Basta olhar pra trás pra começar a entender. As mulheres só tiveram direito a um CPF próprio na década de 60. Antes disso, elas não podiam exercer certos direitos, como abrir uma conta no banco. Até 1962, mulheres casadas precisavam da autorização de seus maridos para trabalhar fora.

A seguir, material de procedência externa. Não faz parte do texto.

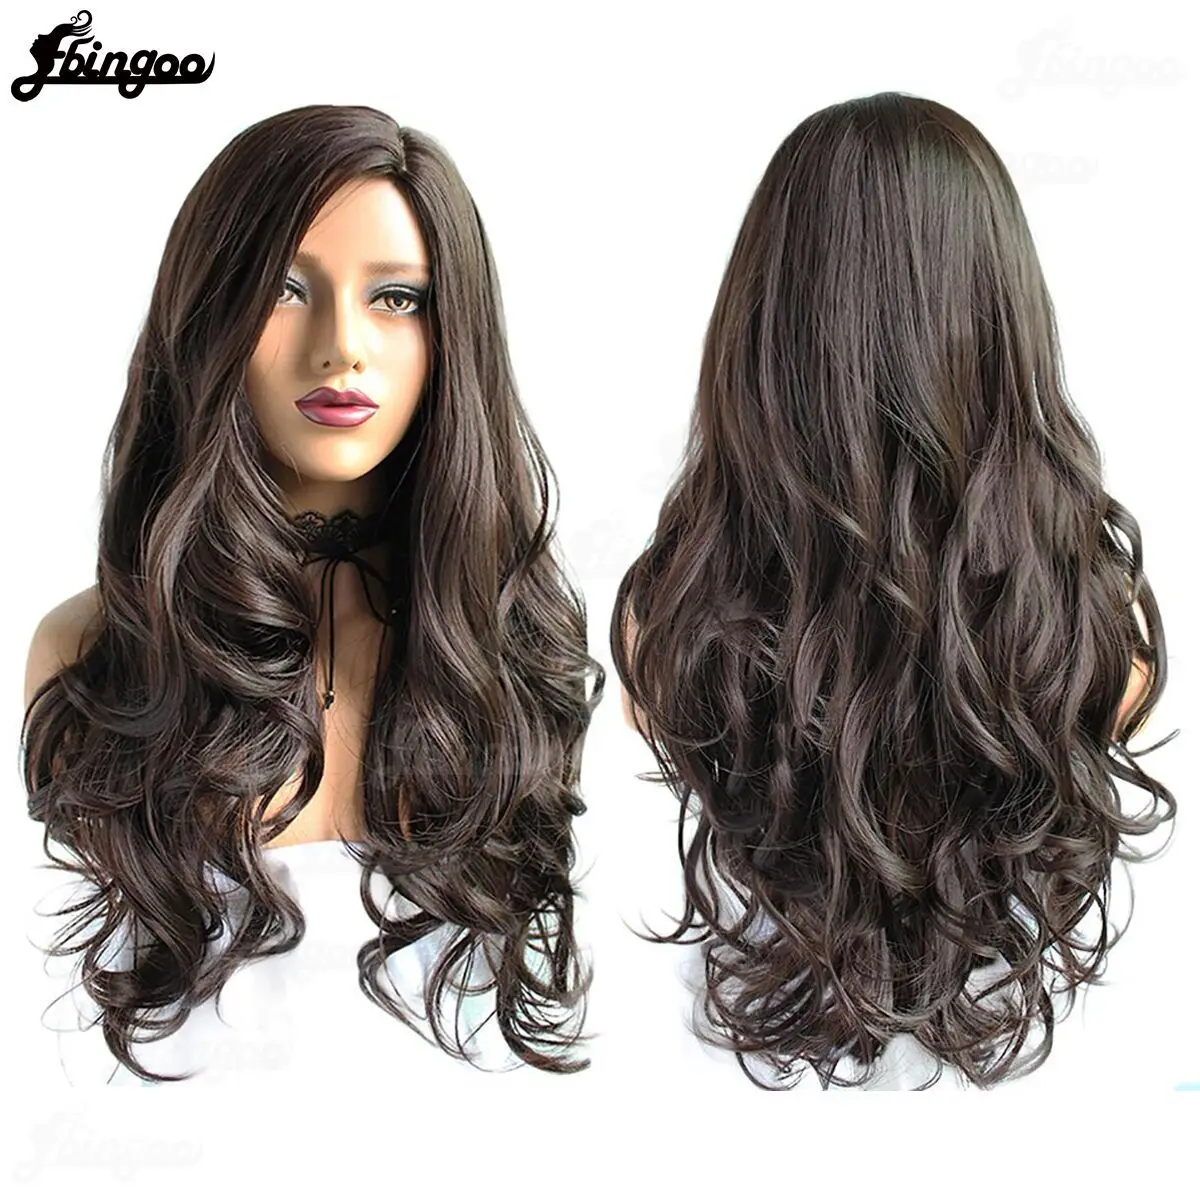 Ebingoo Synthetic Wig Side Part High Temperature Fiber Wig Long Body Wave Hair Wigs #2 Dark Brown Machine Made Wigs for Women

Uma história de sobrecarga. Laís Nicolodi, mestre em psicologia pela Universidade de São Paulo, conta o impacto desse histórico. “Quando a mulher entrou no mercado de trabalho, ela passou a desempenhar uma jornada tripla – trabalho, afazeres domésticos e cuidados com os filhos. Some essa sobrecarga ao fato de que muitas aprendem que entender de dinheiro é coisa de homem. Ou seja, entregar o controle financeiro acaba sendo um passo natura”.
A ausência de referências alimenta esse problema. Apesar de mais mulheres começarem a aparecer em posições relacionadas a finanças e economia, as figuras que representam esse mundo ainda são homens.

Isso tem muito a ver com a forma como meninas são educadas. “Existem pesquisas que mostram que professores das ciências exatas tendem a dar mais espaço para os meninos responderem na sala de aula”, explicou Laís. “Eles também atribuem notas mais altas para eles quando vêem o nome dos alunos na prova; em testes cegos, isso não acontece”, revelou.

O papel de cuidadora, não administradora – inclusive quando os homens não tomam boas decisões com o dinheiro – era o caso de Ana Alice, 48 anos, de Duque de Caxias (RJ). “Meu ex-marido bebia, gastava muito. Quando eu trabalhava em um mercado, acabava gastando quase tudo no vale para comprar comida. Se eu chegasse no fim do mês com R$ 100 para receber de salário, era muito”, relembrou.

Um dia, ela pediu dinheiro para a marmita que estava fazendo. “A gente discutiu e ele disse que eu só sabia pedir. Naquele dia eu pensei que não queria mais viver daquele jeito. Eu queria ter o meu dinheiro”.

Algum tempo depois o casal se separou. “Foi um alívio! Hoje eu trabalho, ganho meu dinheiro, banco minhas contas. Se eu quiser fazer algo com minhas filhas, comer uma pizza, eu vou lá e pago. Não dependo de mais ninguém!”, celebrou.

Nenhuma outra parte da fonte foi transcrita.